Pagina inhoud

    Aansprakelijkheid van aandeelhouder in een rechtspersoon

    Inleiding aansprakelijkheid aandeelhouder

    Onder omstandigheden kan ook de aandeelhouder van een besloten vennootschap (of N.V.) bij faillissement van de dochtervennootschap aansprakelijk zijn uit hoofde van onrechtmatige daad, als door diens handelen schuldeisers schade ondervinden.

    Onder het oude recht was dit ook al aan de orde in het arrest HR 19 februari 1988 (Albada Jelgersma Holding BV/INZA) (NJ 1988, 487). In deze zaak werd Albada Jelgersma Holding aansprakelijk gehouden voor de onbetaalde leveringen van INZA aan een door Albada Jelgersma Holding overgenomen vennootschap, omdat zij intensieve bemoeienis met die dochtervennootschap had en naliet INZA te waarschuwen – en door liet gaan met bestellingen – terwijl Albada Jelgersma Holding op enig moment wist dat het faillissement onafwendbaar was.

    Lees meer over HR 19 februari 1988 (Albada Jelgersma Holding BV/INZA)

    Albada Jelgersma Holding had eind augustus 1980 alle aandelen in Wijnalda Kuntz B.V. overgenomen. In verband met de slechte financiële toestand van Wijnalda Kuntz (“WK”) – er was een schuld bij leveranciers van NLG 14 mio – hadden diverse leveranciers op dat moment hun leveranties aan WK gestaakt.

    Na de overname liet Albada Jelgersma Holding aan meerdere leveranciers – onder wie niet de in België gevestigde INZA – per brief van 12 september 1980 weten, dat zij garandeerde dat alle leveringen betaald zouden worden. INZA stelde, dat haar deze toezegging ook gedaan was, maar na getuigenverhoren (dat deed men destijds nog) kon zij dit niet aantonen.

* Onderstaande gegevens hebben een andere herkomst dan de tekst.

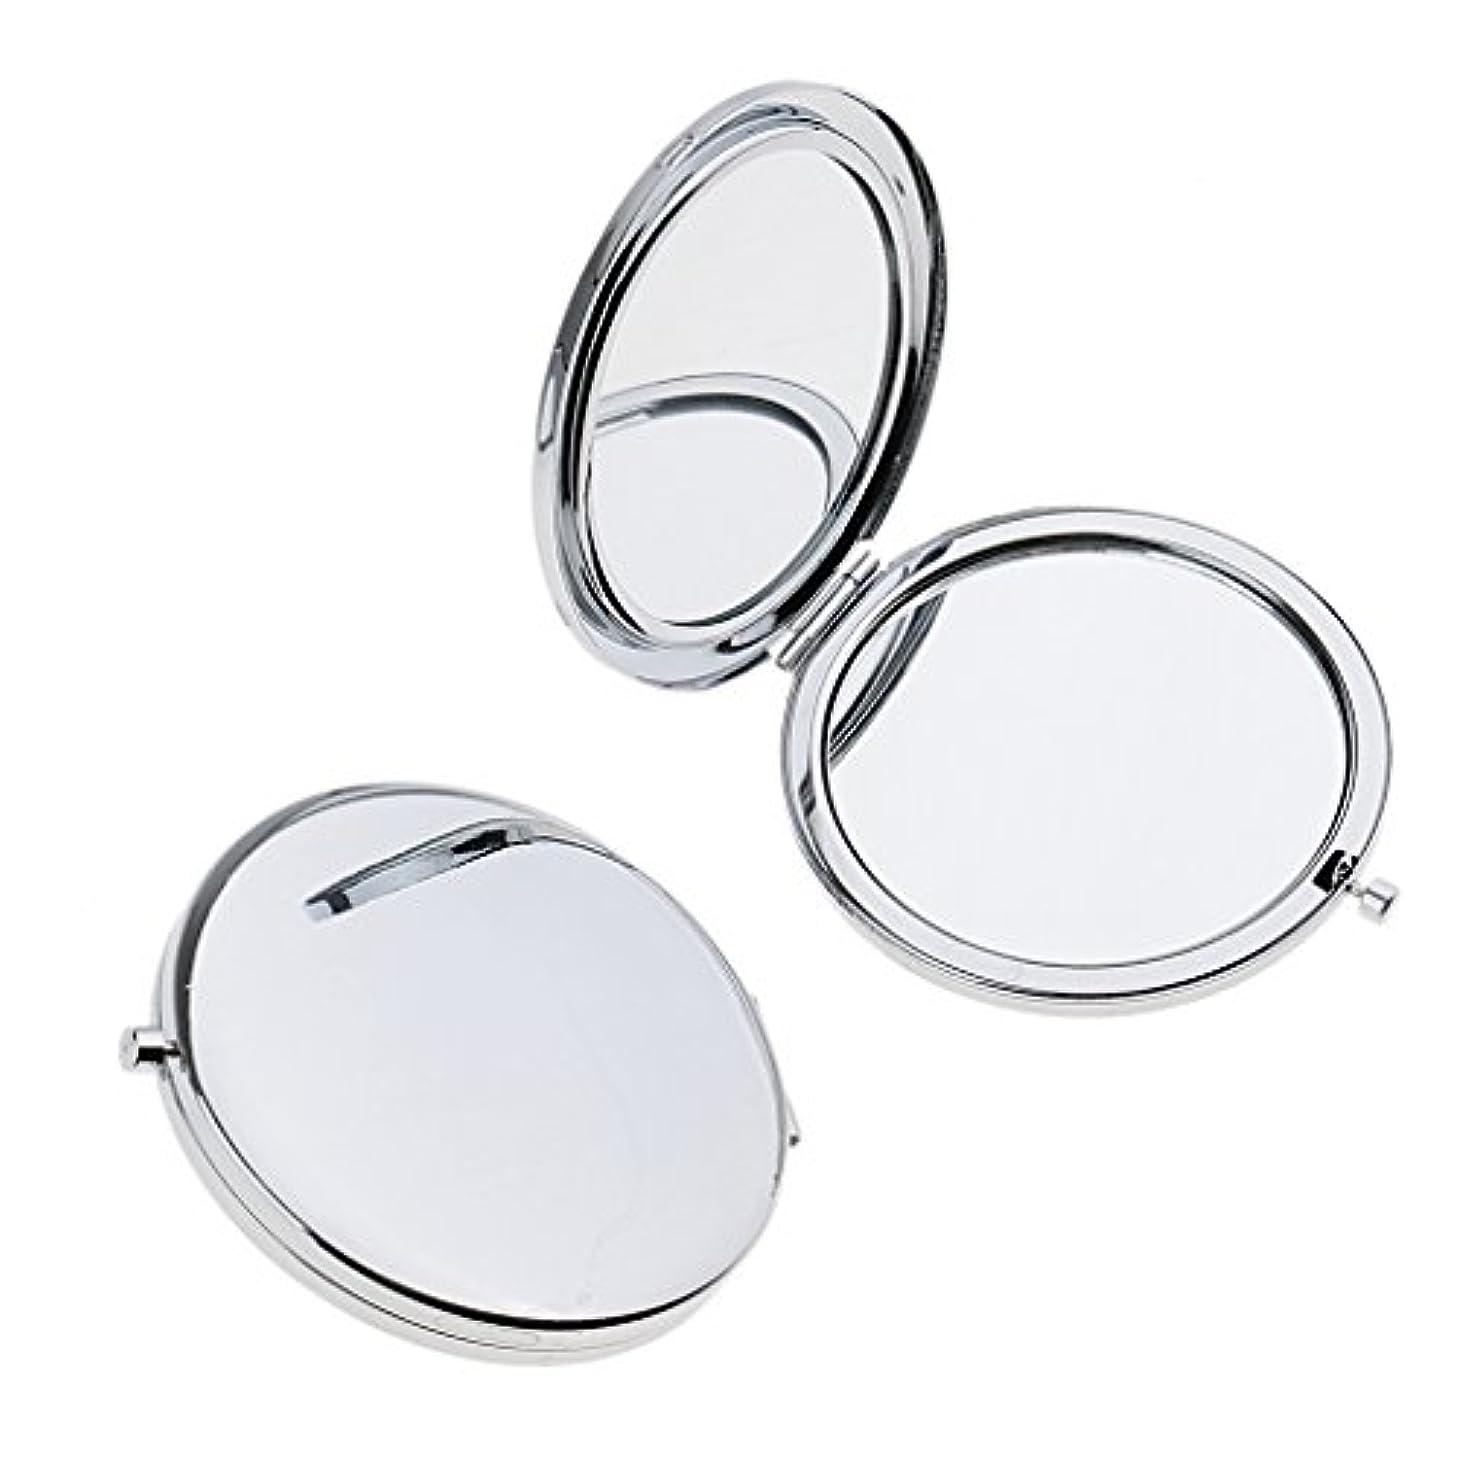 ビジター裂け目バリアT TOOYFUL ミニ手鏡 両面コンパクトミラー ステンレス 折りたたみ式 ハンドミラー 携帯ミラー 2個入り - 銀

    INZA stelde meer subsidiair, dat Albada Jelgersma tegenover haar onrechtmatig gehandeld had, doordat zij niet had gewaarschuwd voor de slechte financiële situatie, waardoor INZA was doorgegaan met leveringen. Die stelling werd gehonoreerd. Na de overname bleek Albada Jelgersma gaandeweg, dat WK er veel slechter voor stond dan Albada Jelgersma wist bij overname. Er kwam een claim van de bank van 6 ton en vervolgens bleek bij boekenonderzoek dat er nog een tegenvaller van ruim 3 mio was.

    Uiteindelijk ging WK in maart 1981 failliet, en bleven de facturen van INZA onbetaald tot een bedrag van NLG 445.529. Het Hof stelde vast, dat Albada Jelgersma verregaande controle had genomen over de onderneming, door een centraal inkoopbeleid te voeren en een bestuurder uit de groep aan te stellen bij WK. Het feit dat de brief aan leveranciers was verzonden door Albada Jelgersma droeg aan dit beeld van ingrijpende bemoeienis bij.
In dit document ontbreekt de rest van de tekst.